Jefferies highlights its top growth stocks to buy each week, and this week is no exception. While these stocks are better suited for accounts that have a higher risk tolerance, they all make good sense now and have outstanding upside potential. We found four that look extremely good now.

Activision Blizzard

This remains a top video gaming pick on Wall Street and Jefferies is still very positive on the shares. Activision Blizzard Inc. (NASDAQ: ATVI) develops and publishes online, personal computer (PC), video game console, handheld, mobile and tablet games worldwide. The company develops and publishes interactive entertainment software products through retail channels or digital downloads and downloadable content to a range of gamers.

Shares of the gaming giant have been volatile and are down a stunning 45% from highs posted last fall. Some recent positive announcements could be meaningful for the stock to regain traction. The analysts said this:

The company announced that Call of Duty’s (CoD) Battle Royale mode, Blackout, will be free in April and released new content. We believe Activision Blizzard is testing the free to play model with its crown jewel franchise and think that we could see a more permanent conversion. Spiketrap data shows that these announcements pushed CoD net online sentiment score to levels not seen since its launch in Oct. We expect that a permanently free Blackout mode would allow CoD to better compete with games like Fortnite and would more than offset pressure on the $60 game business.

The shareholders receive a 0.79% dividend. Jefferies price target for the stock is $60, while the Wall Street consensus target is $52.70. The stock was last seen trading at $47.01 a share.

Amazon

This is the absolute leader in online retail, and recently it opened its first brick-and-mortar store in New York City. Amazon.com Inc. (NASDAQ: AMZN | AMZN Price Prediction) serves consumers through retail websites that primarily include merchandise and content purchased for resale from vendors and those offered by third-party sellers.

The company serves developers and enterprises through Amazon Web Services, which provides computing, storage, database, analytics, applications and deployment services that enable virtually various businesses. AWS is also the undisputed leader in the cloud now, and many top analysts see the company expanding and moving up the enterprise information value chain and targeting a larger total addressable market.

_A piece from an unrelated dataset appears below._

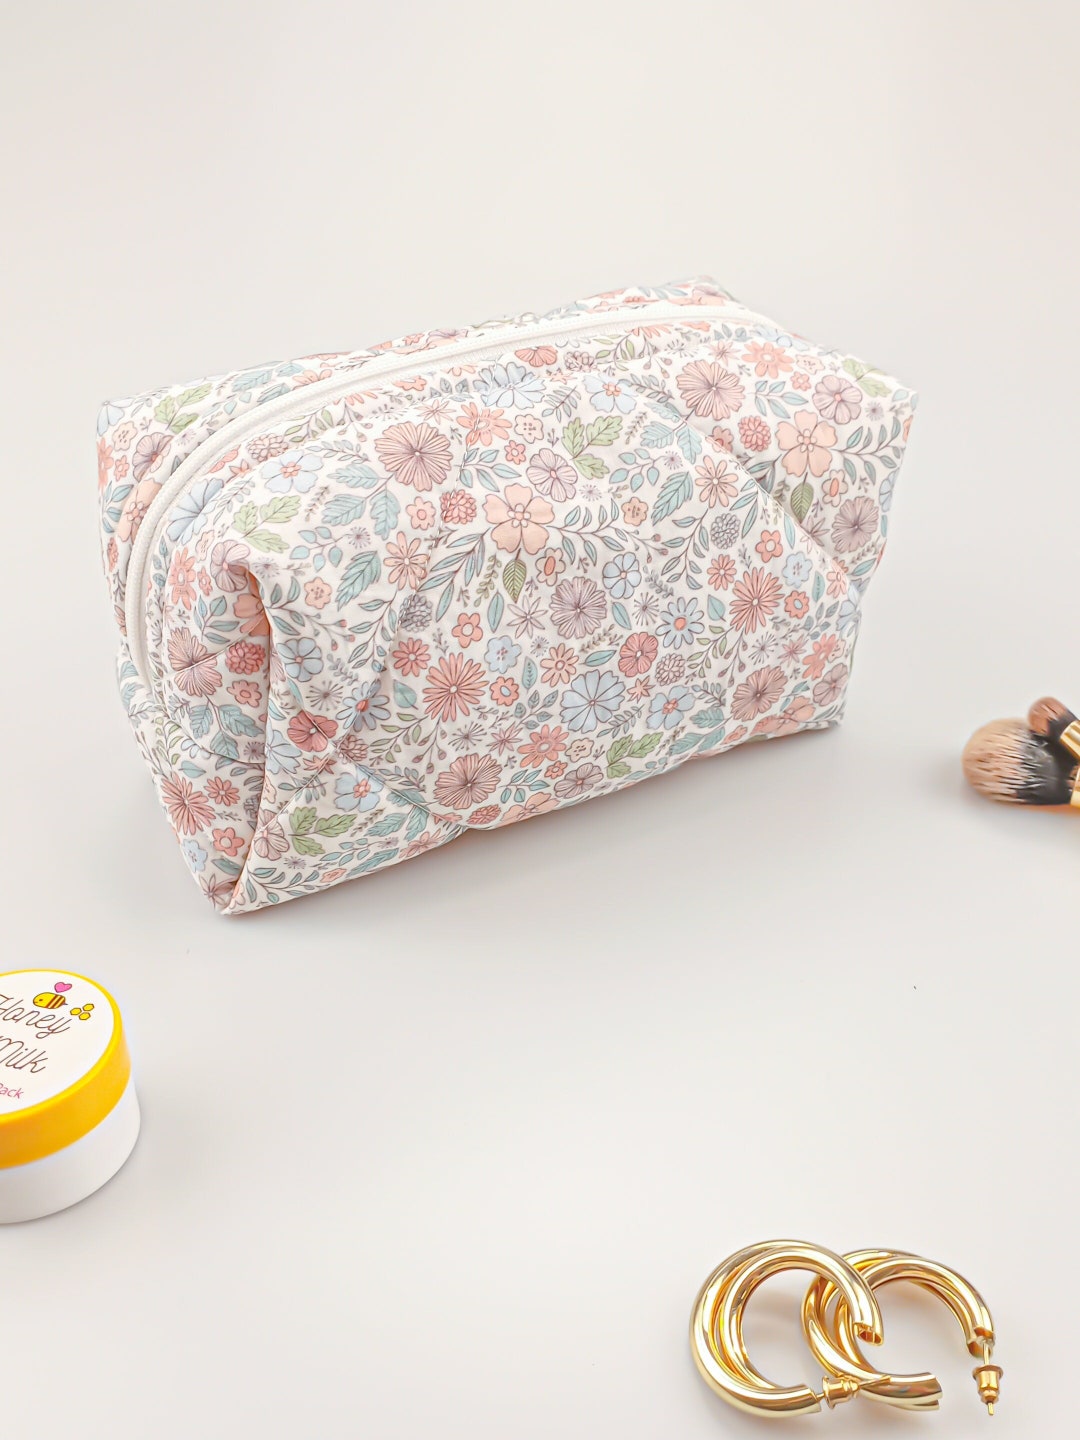 Floral Makeup Bag Quilted Cotton Cosmetic Bag Toiletry Bag - Etsy

Consistent with data from 2018, digital marketing users overwhelmingly cited Amazon as the fastest-growing channel for advertising budgets. Many retailers also are leveraging their Amazon advertising data to retarget users on other channels (namely Facebook) to drive traffic and sales to their own websites (bypassing Amazon marketplace or FBA fees).

Jefferies sees more upside to shares over the coming years and explained why:

Longer term, we see a road map to $3,000 for AMZN, supported by our sum-of-the-parts work. The SOTP analysis even includes what we believe to be conservative estimates around growth (expect retail to continue to decelerate) and multiples. AWS, advertising and 3P are all expected to grow faster than the retail business, are accretive to margins and are higher multiple businesses. Additionally, new businesses including healthcare, where we expect them to play in Rx, would be generally incremental to our forecasted growth

Jefferies has a whopping $2,400 target price, and the consensus target is $2,073.55 The shares closed most recently at $1,835.34.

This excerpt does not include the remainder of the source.